A verbatim reproduction of the following listing is required; omit the pictures.

§ Supplied information:
Content starts

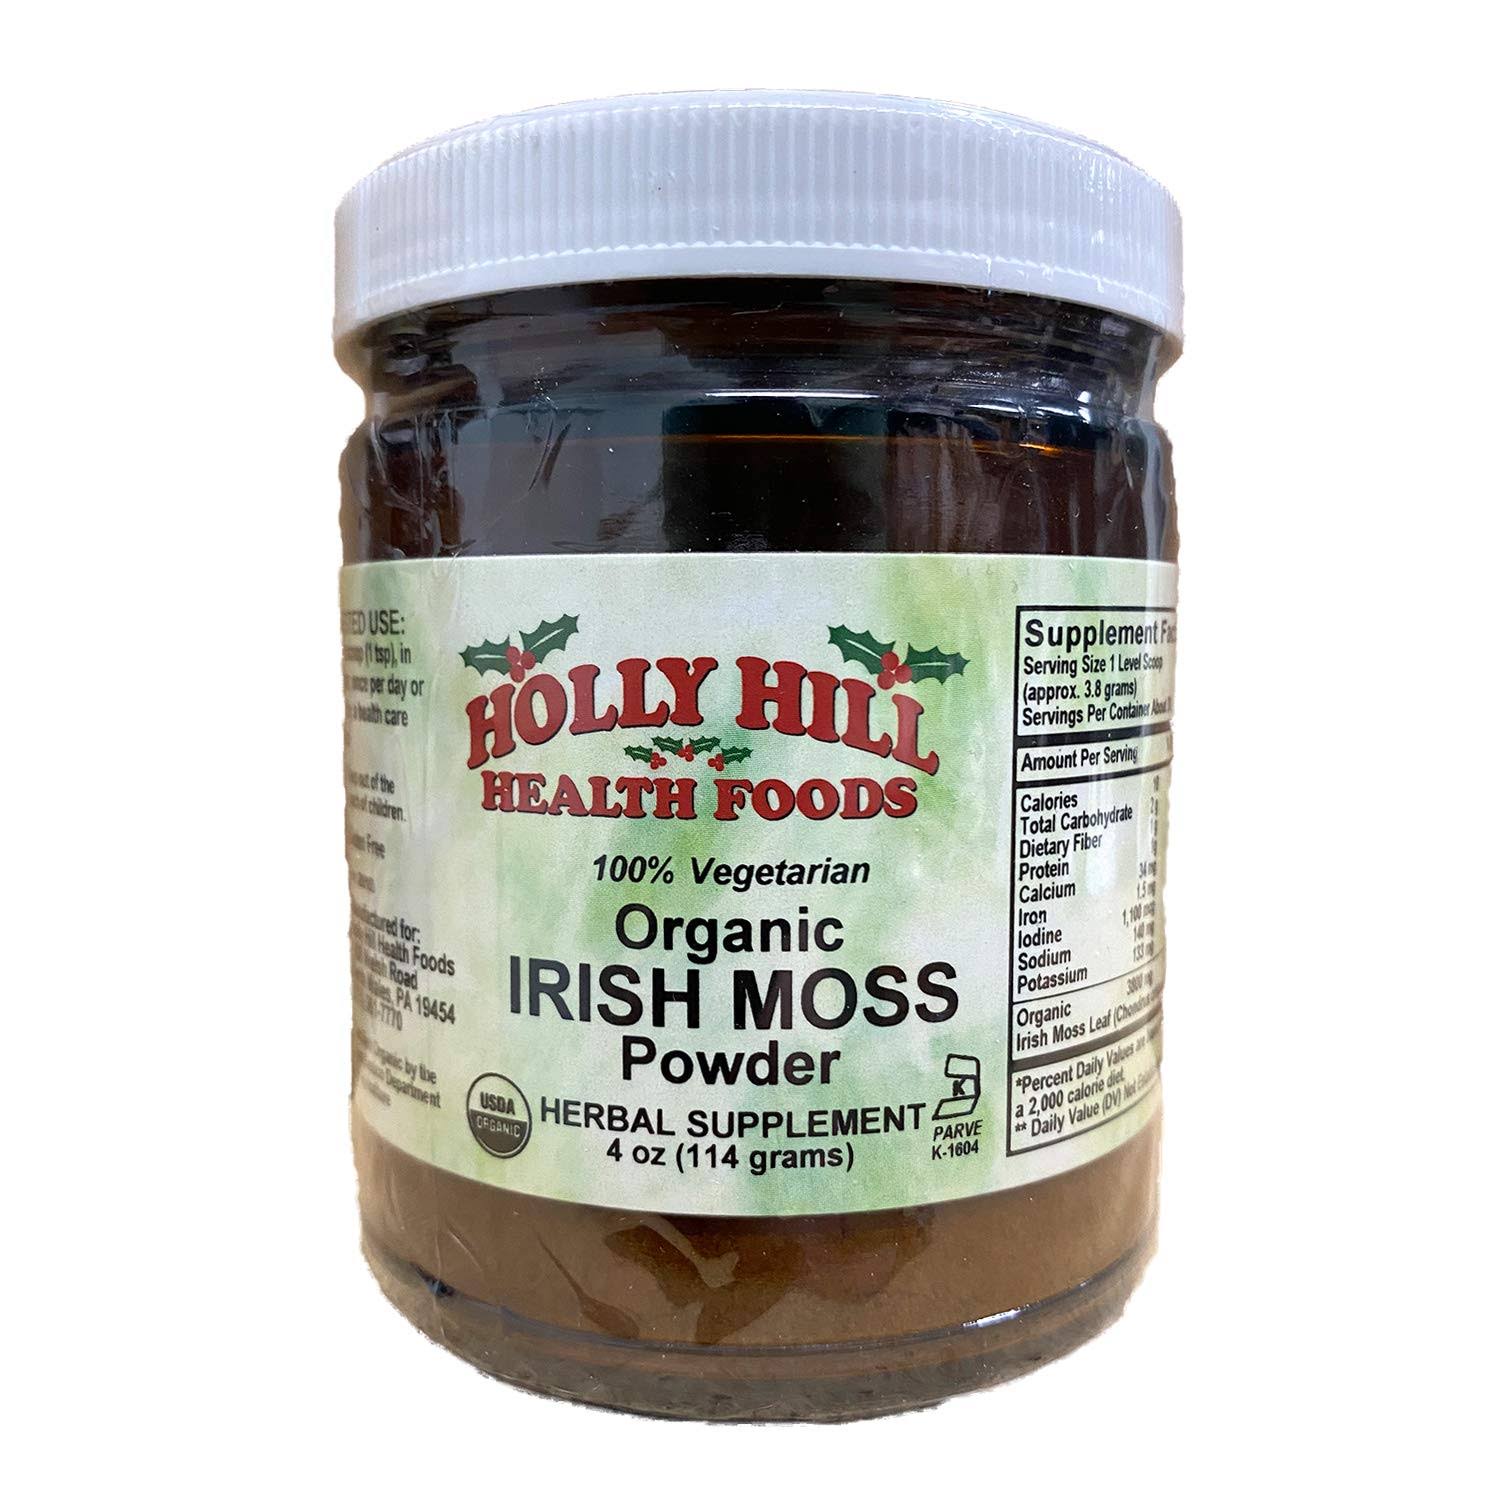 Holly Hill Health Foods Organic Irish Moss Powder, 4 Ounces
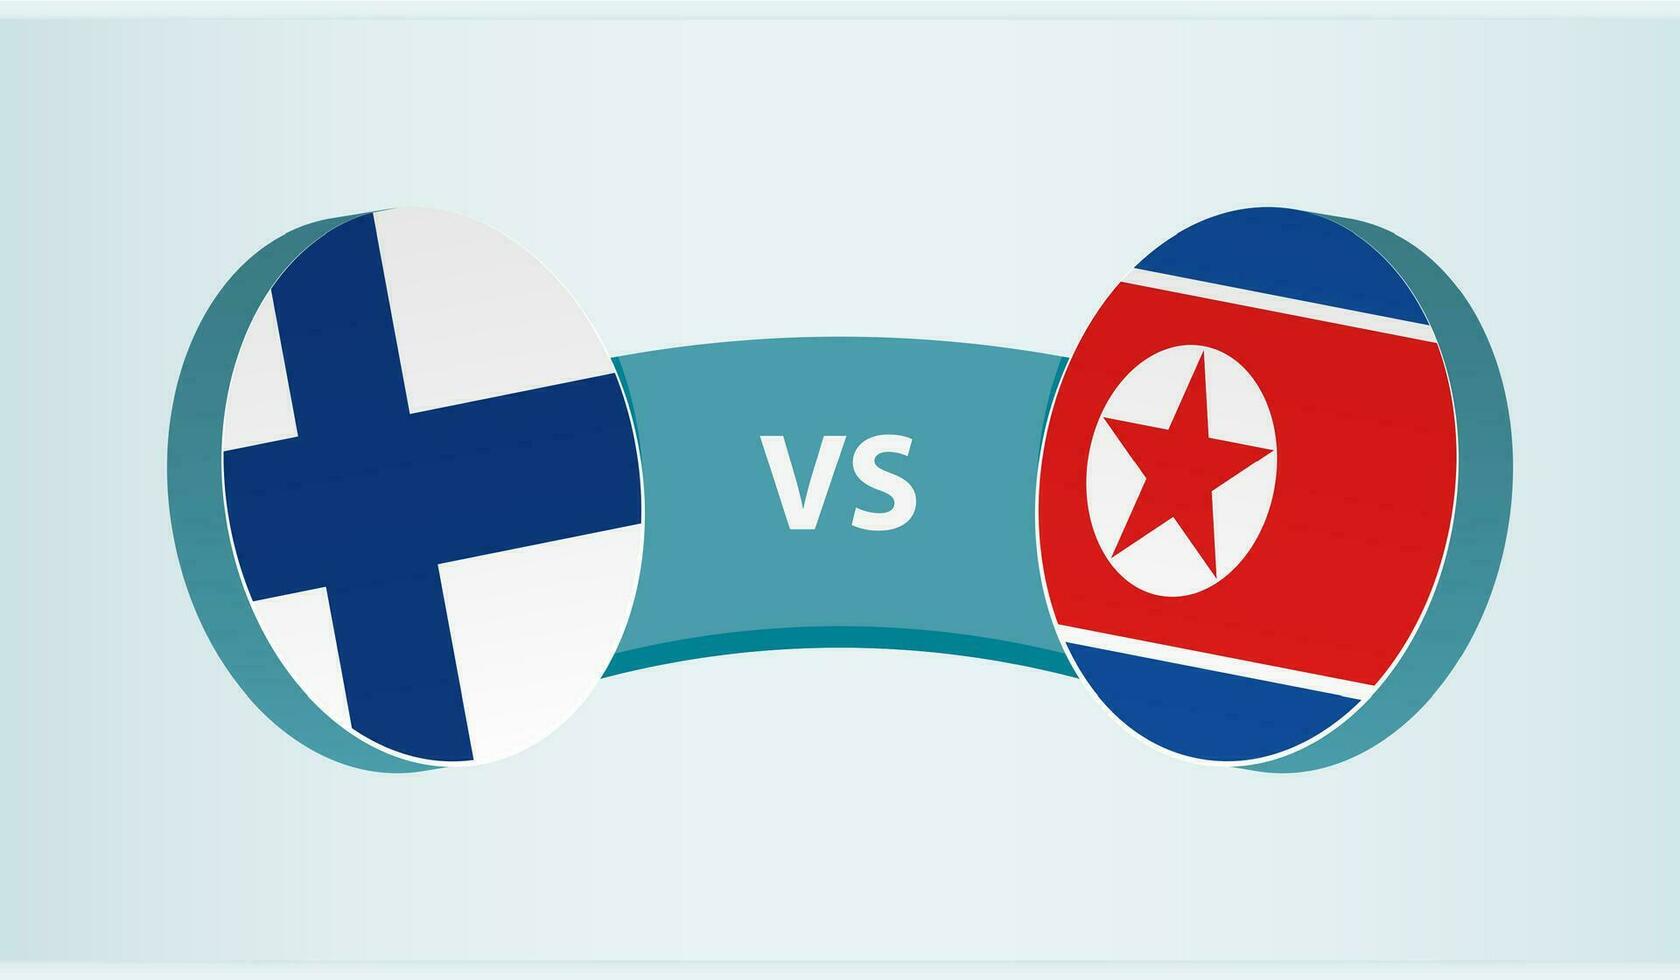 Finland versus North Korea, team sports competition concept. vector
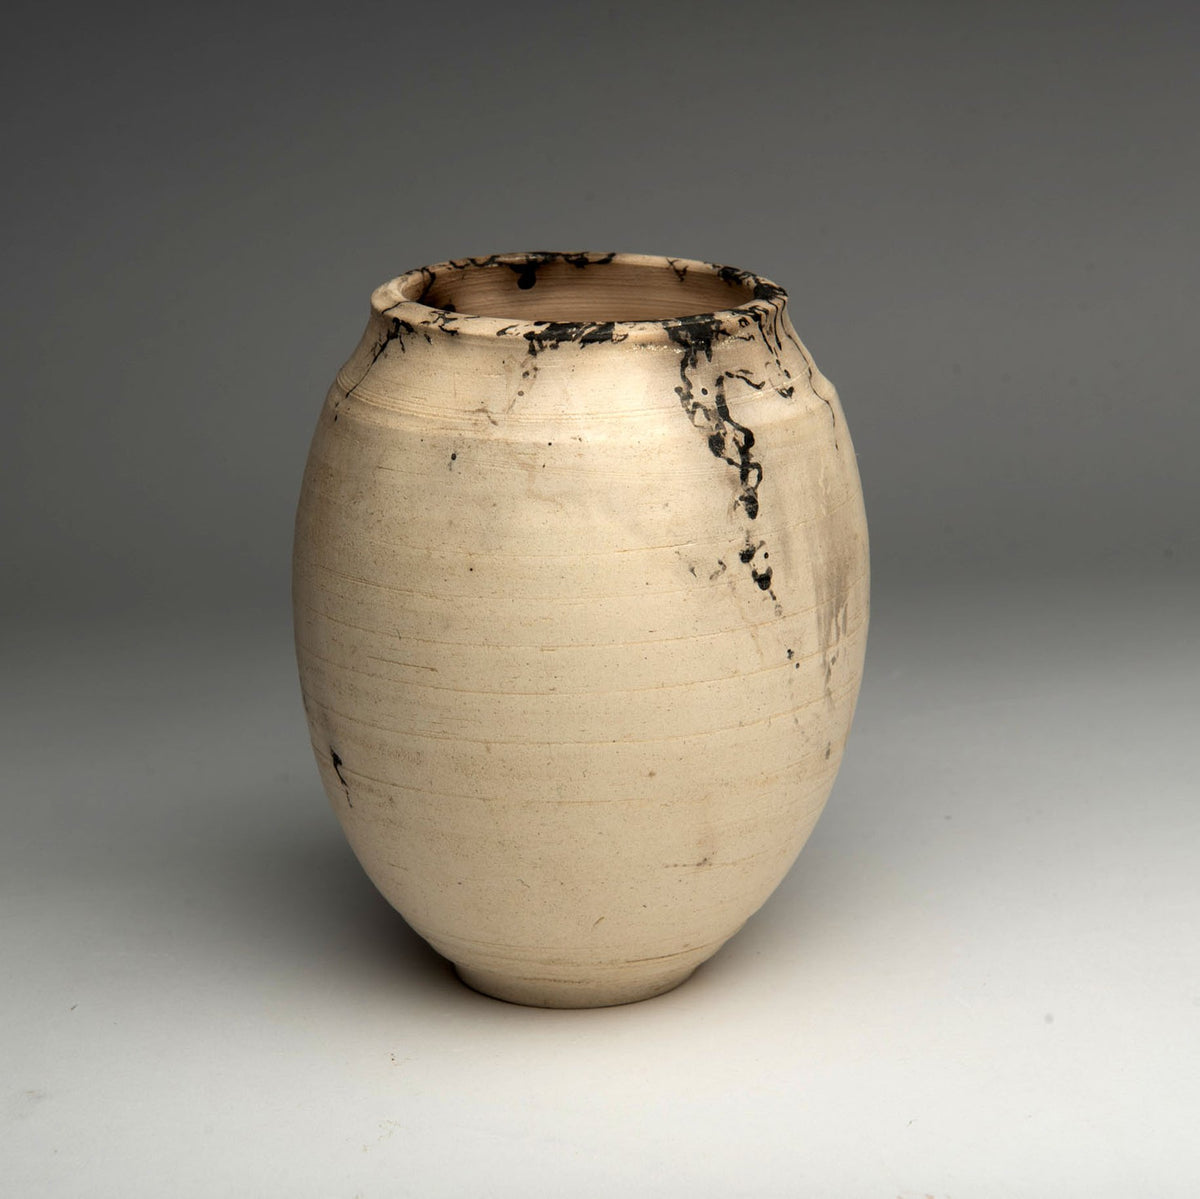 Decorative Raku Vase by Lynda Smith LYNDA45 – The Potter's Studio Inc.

Content ends

§ Exercise result:
 Holly Hill Health Foods Organic Irish Moss Powder, 4 Ounces
 Finland versus North Korea, team sports competition concept. vector
 Decorative Raku Vase by Lynda Smith LYNDA45 – The Potter's Studio Inc.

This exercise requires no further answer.